Under the microscope

Encourage feedback. I tell everyone in my organization to come talk to me about anything you want. Just do it in a professional, nonattacking, nonthreatening manner. If you do that, I’ll listen to anything you have to say.

You can be argumentative with me as long as it’s done tactfully and professionally. You can tell me that you think I’m not moving in the right direction, express why you think it’s wrong. We’ll have a conversation about it, and if you have an influential message and can sway me to some degree, I’ll accept that. If not, we’ll maybe agree to disagree or I’ll sway you.

You have to allow people the opportunity to have their say. If you give people the opportunity to get stuff out in the open, it cuts down on rumors and it cuts down on back-door conversation. It ultimately cuts down on people getting distracted. If the things on your employees’ minds don’t involve how they can be successful and how to better serve the customer, if they’re focusing on how they felt they were treated incorrectly, you’re not getting the best performance out of them. So you have to be willing to let people share things and you have to be willing to listen to some criticism. Sometimes you learn something from the criticism.

Stay close to the ground. Some-times leaders get too far away from where the rubber meets the road in the business, sometimes feedback has to go through so many layers that it can’t reach you. So it’s critical to get that firsthand feedback from your people that are down the ladder, doing the tactical jobs. You really can learn a lot from them.

Keeping feedback channels open has been a big challenge. There is no one model that I have been able to uncover that says, ‘This is what you do.’ It’s a matter of making sure you keep yourself tied to what is going on in the organization. You have to have very consistent and formal communication with regard to what is happening inside your business and in your distributed markets.

We try to spend a lot of time and focus on how we get that information up to the executive level, so that as executives, we really understand what is happening.

Be willing to adjust.

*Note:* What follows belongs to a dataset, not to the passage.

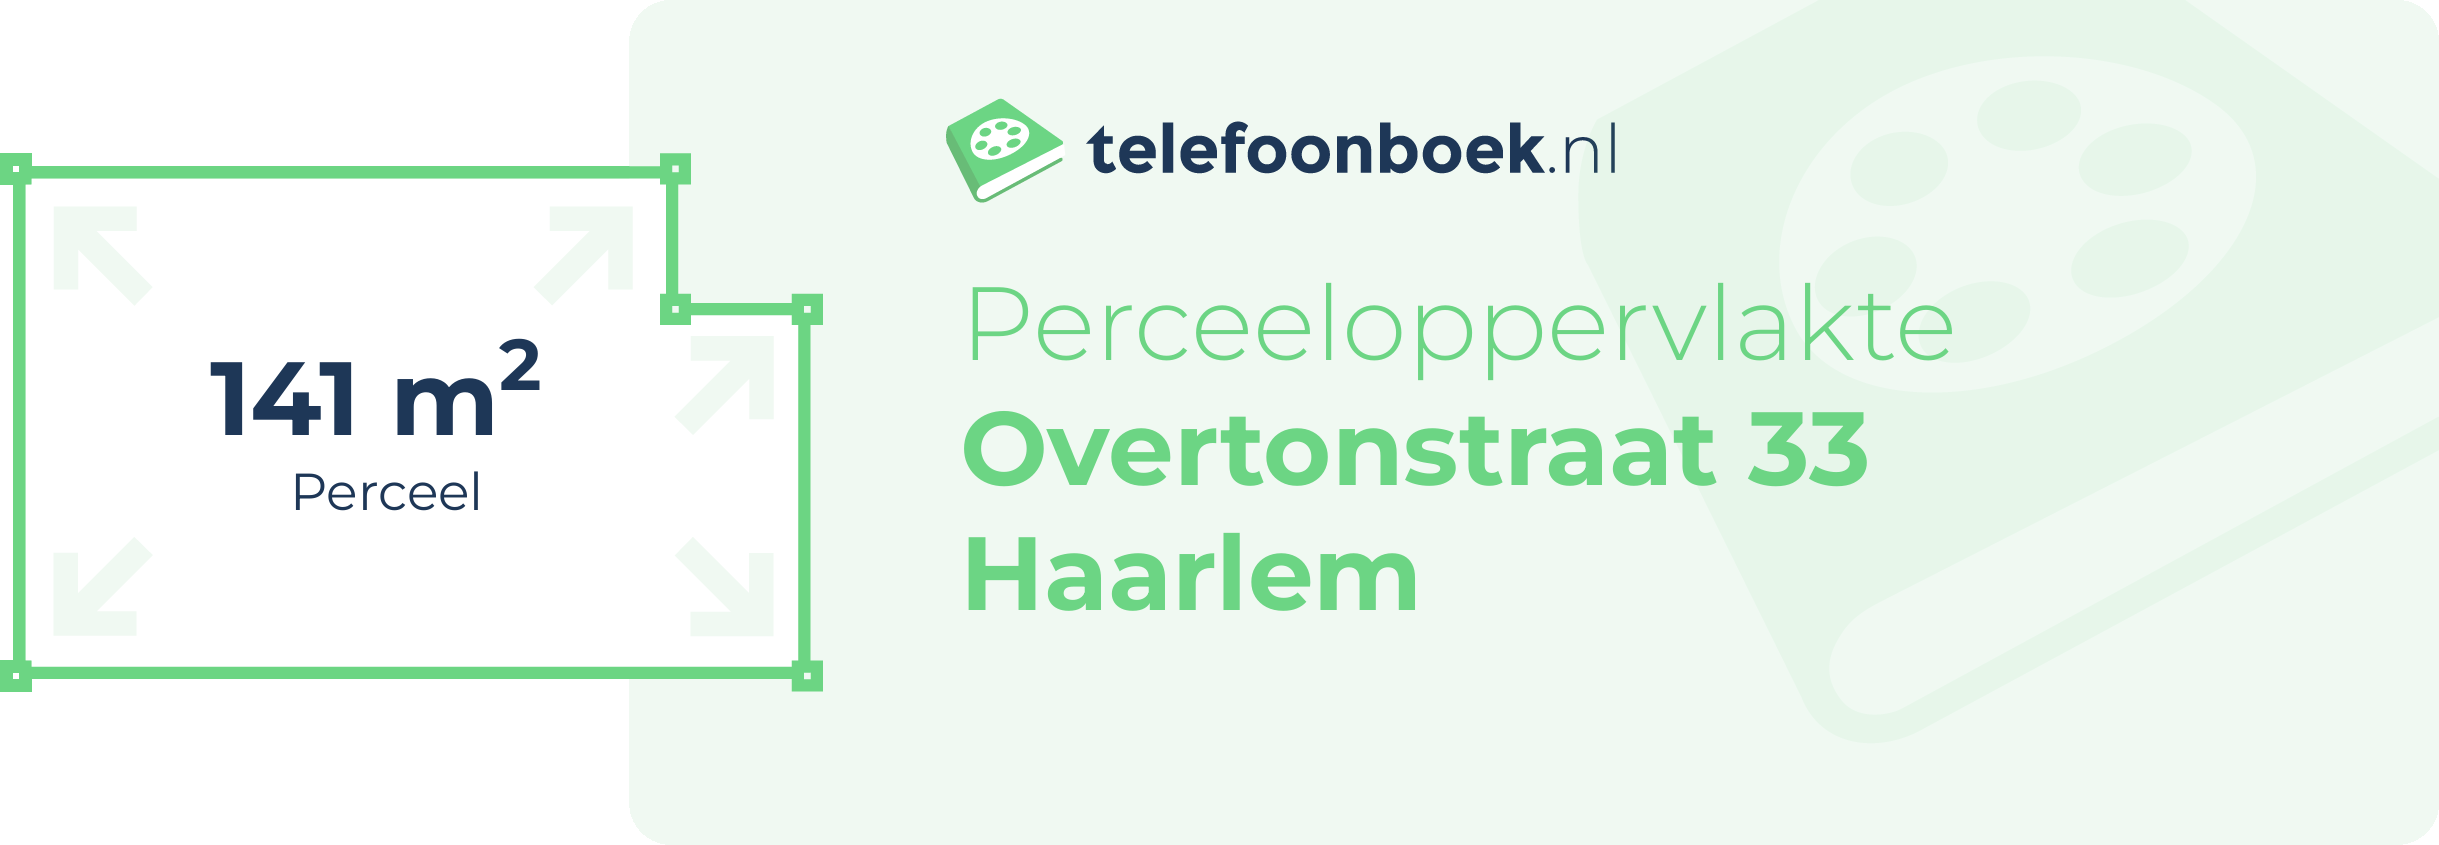 Perceeloppervlakte Overtonstraat 33 Haarlem

You make adjustments by constantly looking at how things are performing and executing in the business. If you see something not making progress or trending in the right direction, you’re evaluating what the root cause is. If it’s something we can control or something we initiated, we go back and adjust.

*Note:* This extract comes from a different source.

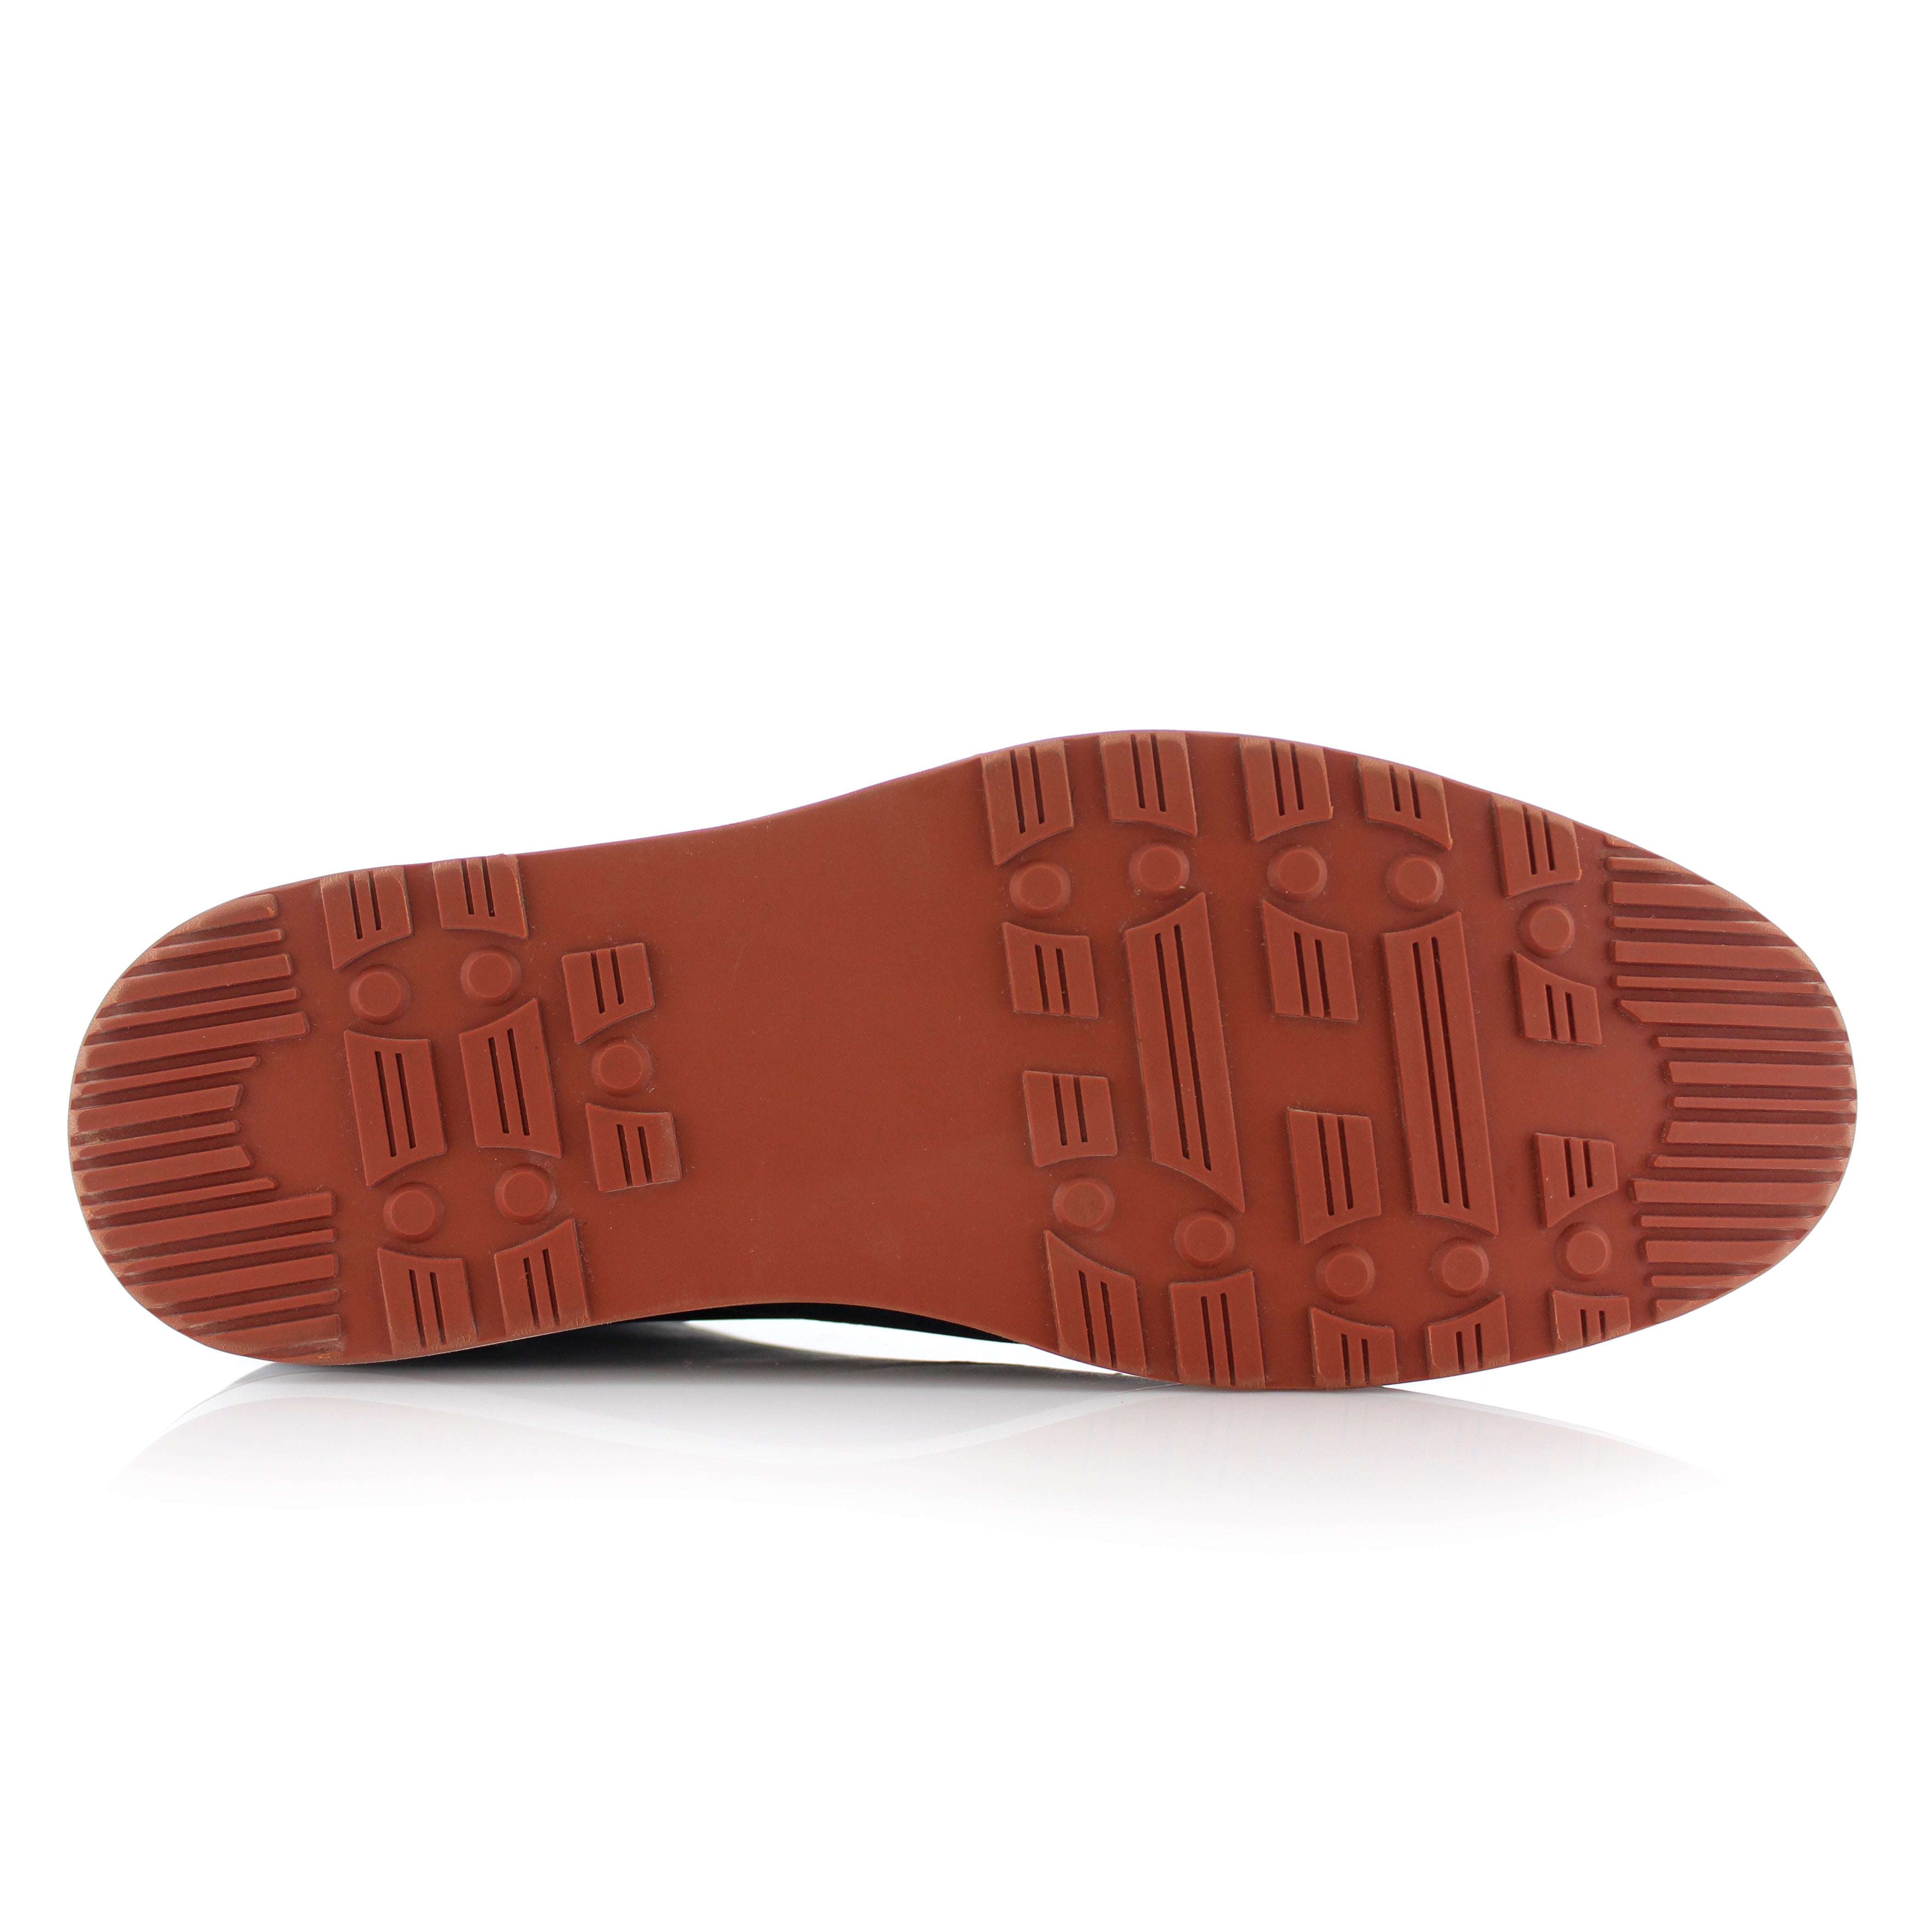 Cap-Toe Ankle Boot Sneakers | Birt by Ferro Aldo | Conal Footwear | Bottom Sole Angle View

Maybe you picked the wrong person for a role, someone who is not following through, you have coached them and worked with them, and you just need to accept that they are the wrong person in the wrong role. If there are tools and systems that got implemented incorrectly, you need the commitment of resources to correct those. The tweaking is that you’re constantly looking at whether you have the right people in the right roles — are they executing and trending correctly? Do you have the right environment for them to be successful? If not, you make the appropriate changes.